Eh, I know what you are saying. If I thought you meant the context for all of this would be as part of the worship service, then I would say without a doubt it would NOT "work.” I assumed you meant this would take place outside of church worship.

I guess my question is what purpose would such a reenactment serve that the very words of God could not? Shear entertainment?


----------



## ReformedWretch (Mar 8, 2007)

I understand Christopher's point, but I see nothing wrong with the idea. Many are peaked to curiousity by these kinds of things. We can either reach out to those people or let Rick Warren have them all.


----------



## panta dokimazete (Mar 8, 2007)

Why not use the words of Scripture "dramatically" with folk acting as the author (as carried along by the Holy Spirit) of the Scripture utilized?


----------



## ReformedWretch (Mar 8, 2007)

That would be fine, but Jesus would have to be invisible.


----------



## No Longer A Libertine (Mar 8, 2007)

Didn't the movie Ben Hur only imply Christ's crusifixton with rain washing away blood and the silhoutte of a man on a cross?

That was well done.


----------



## Dieter Schneider (Mar 8, 2007)

Why did the early Church never think of it? Zeal to win the lost is commendable but needs to be informed by Scripture. May I suggest a careful study of Romans 1:16f. and 1.Cor.1:18ff. ?! 
The Gospel must be preached and lived. The Greek word for a play actor is a word from which we derive 'hypocrite'! 
We may and must learn from the history of the Church in times of great blessing - preaching with the Holy Spirit sent from heaven is what is again so desperately needed. Better men - not better methods. 'A holy man is a mighty weapon in the hand out God - my people need my holiness' (I am citing from memory the words of a Scottish divine).


----------



## ReformedWretch (Mar 8, 2007)

I love the D.o.G.'s (Dead old guys) too, but do you honestly believe that if it hasn't been thought of in the past it's of no good use?


----------



## Dieter Schneider (Mar 9, 2007)

It depends on whether you believe whether the Scriptures are normative. Would the Holy Spirit have forgotten to mention all we need to know? It is inconceivable.


----------



## ReformedWretch (Mar 9, 2007)

Wow, I don't see how an idea like this would be saying that!


----------



## ChristopherPaul (Mar 9, 2007)

houseparent said:


> I understand Christopher's point, but I see nothing wrong with the idea. Many are peaked to curiousity by these kinds of things.
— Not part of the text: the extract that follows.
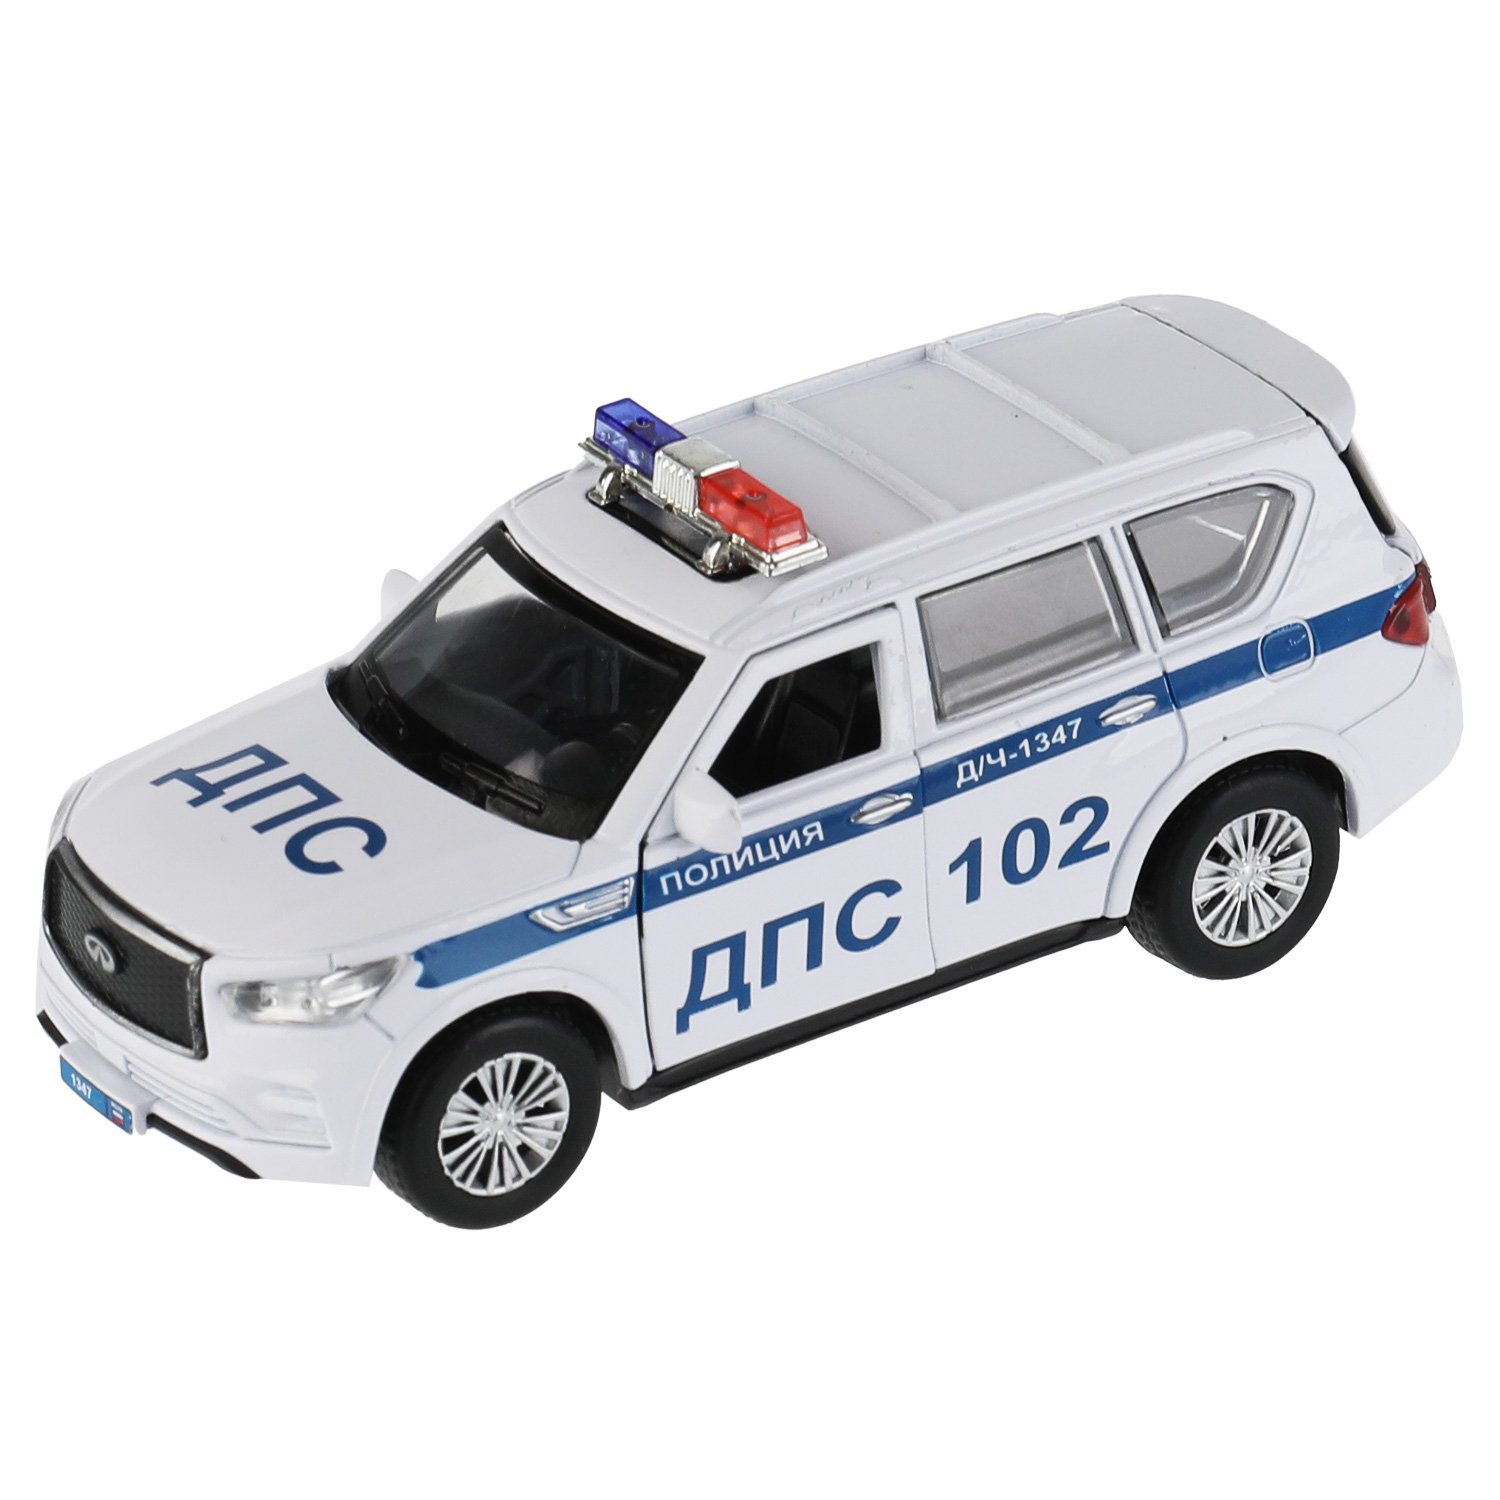 Машина металл Infiniti Qx80 Полиция, 12,5 см, (откр двери, баг, белый) инер, в коробке машина металл infiniti qx80 12 5 см откр двери баг белый инер в коробке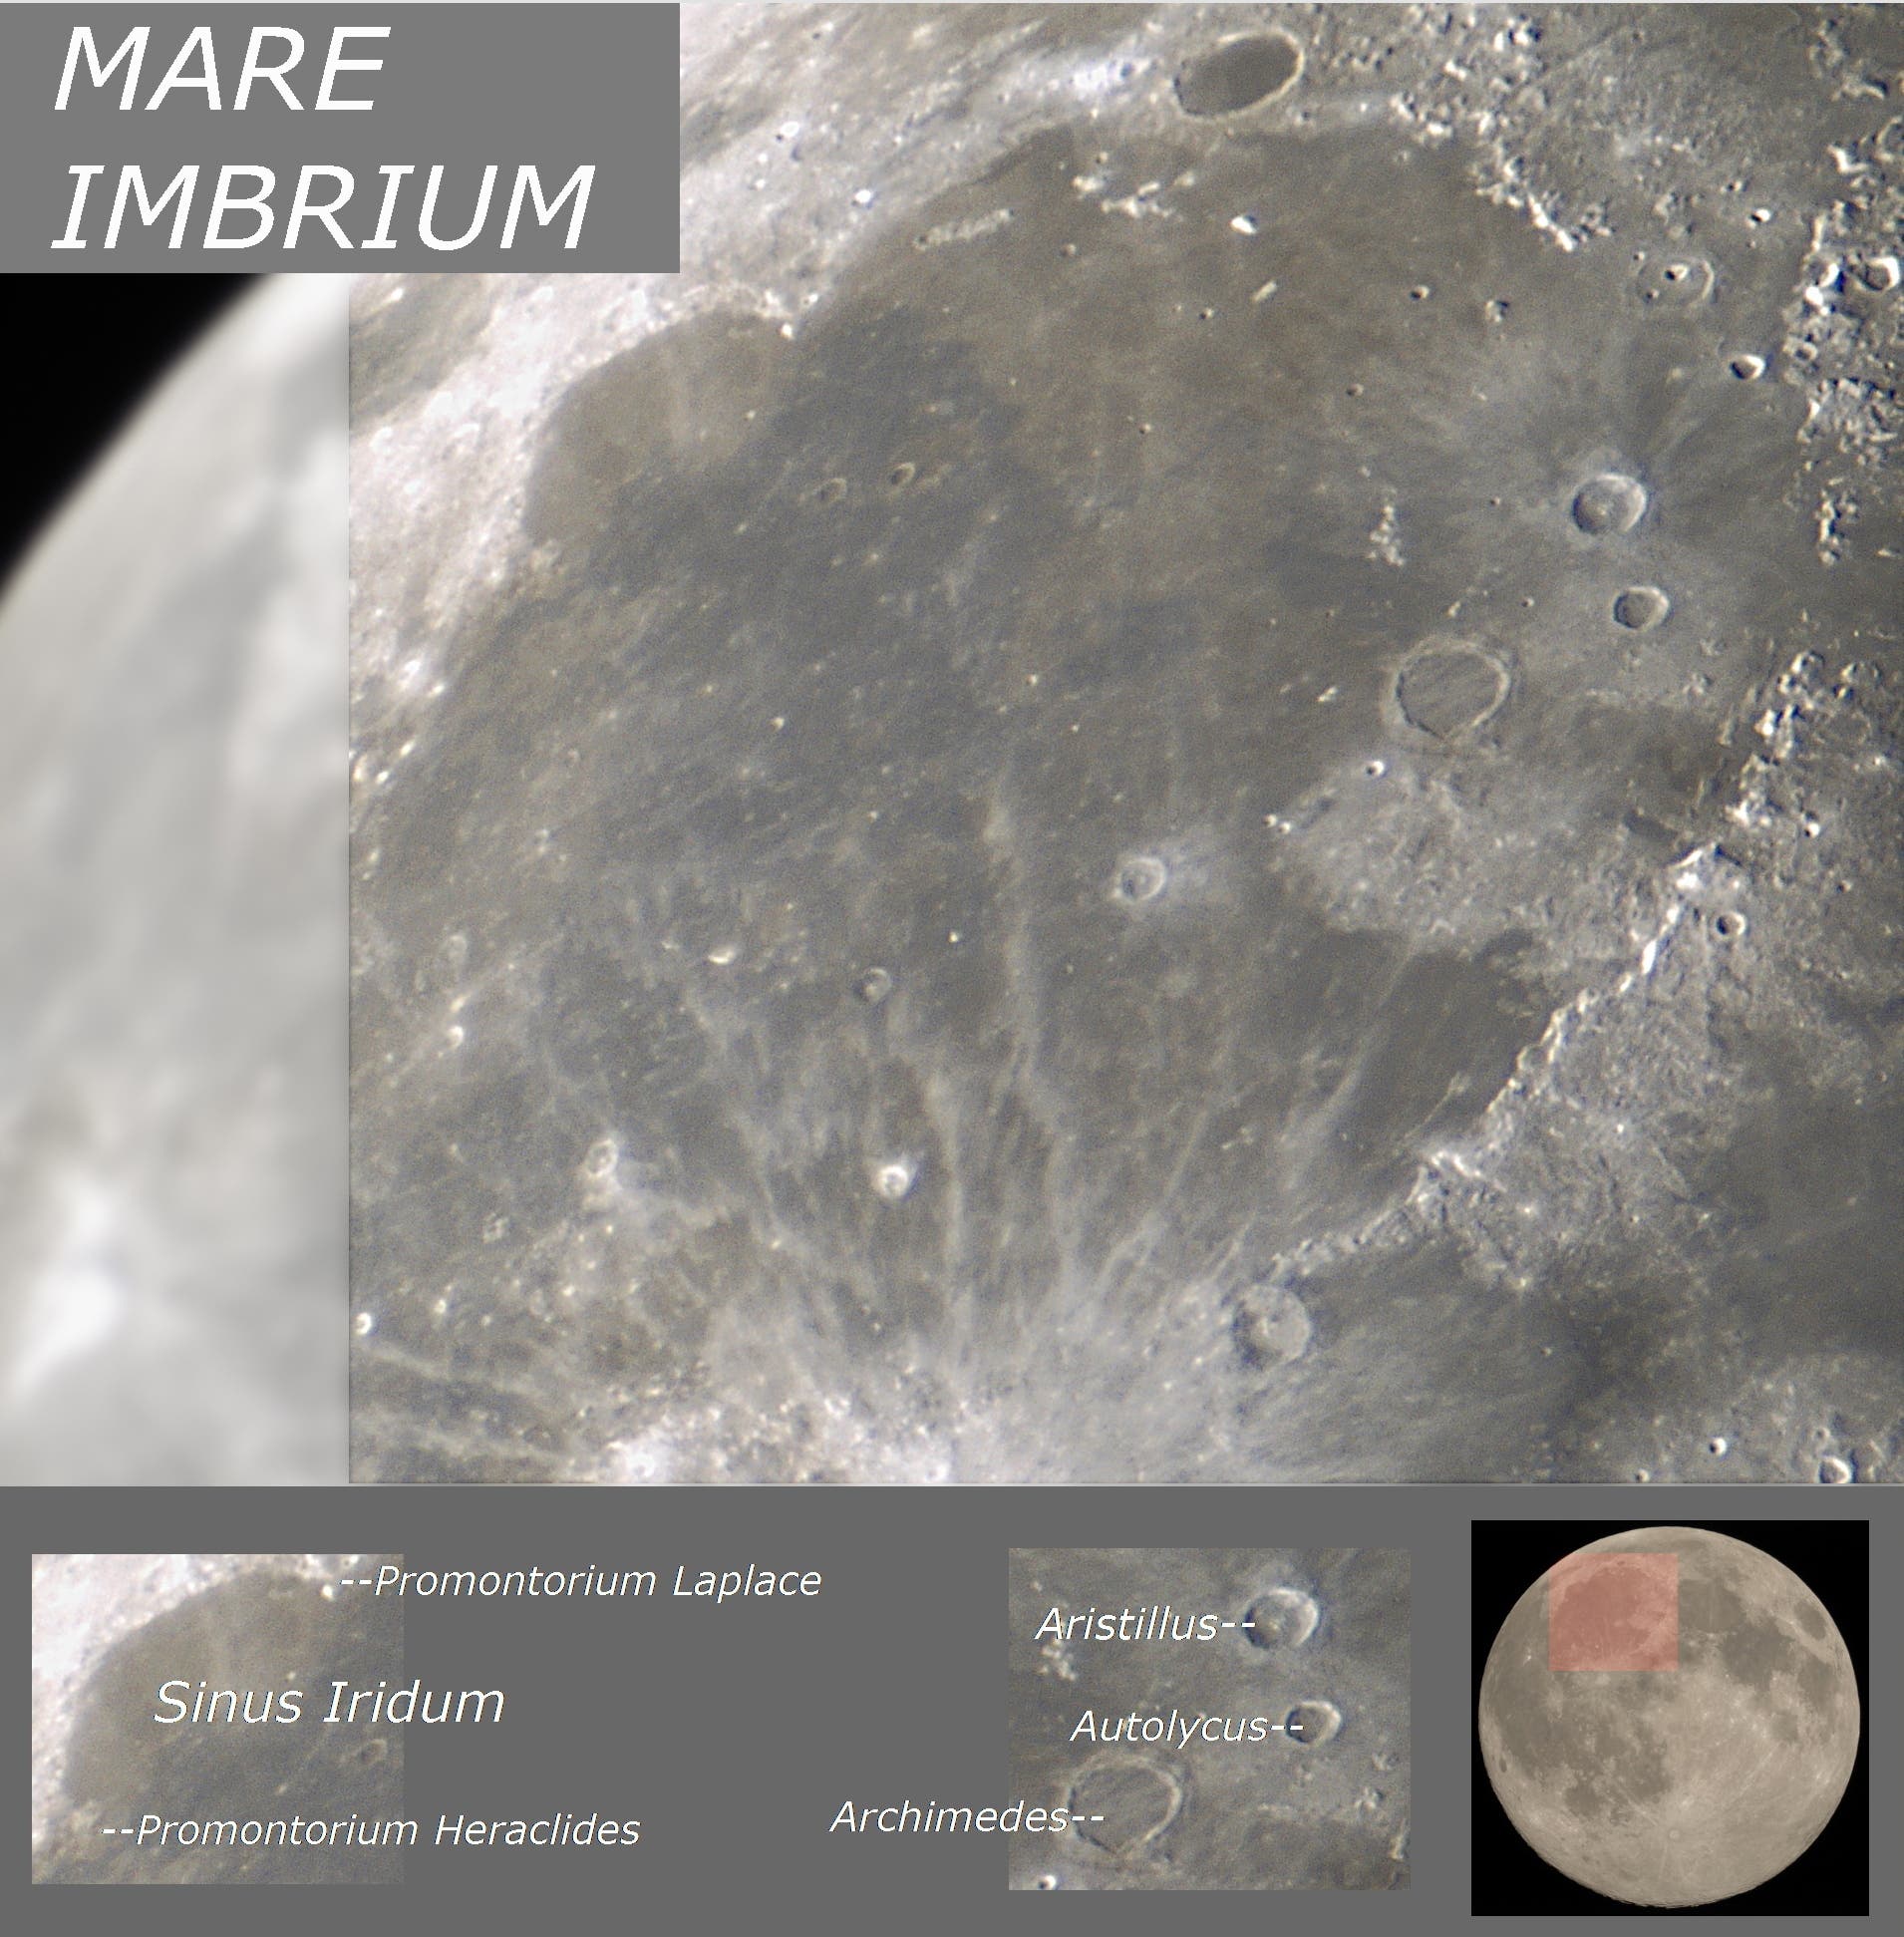 Der farbige Mare-Imbrium-Boden

We can either reach out to those people or let Rick Warren have them all.





houseparent said:


> Wow, I don't see how an idea like this would be saying that!




Adam, I know it appears harmless, but that is why I asked what the purpose for such would be. I believe the very words of God are more effective than our methods. So I ask you why do this in lieu of using the very words of God?

Your response implies that the Rick Warren types have some better method of reaching people and we should adopt such methods ourselves to be better at something. If that is not what you meant then I am not sure why a Passion Play would have anything to do with Rick Warren reaching all these people. I don't know about you, but a play did not bring me from Rome, Benny Hinn, John Hagee, 700 Club, Bill Hybels, to the no exception OPC member I am today. The very words of God did. "Search the scriptures," is so simple, yet so difficult.

If an opportunity arose where the church was able to have thousands of non-church people as an audience, what would be the best thing to do? I would say speak the very words of God. Some will utterly hate such with great passion while others will show that God gave them ears to hear.

Grace Brother


----------



## ReformedWretch (Mar 9, 2007)

I don't disagree with that, but at the same time I don't think that makes plays "wrong" either.


----------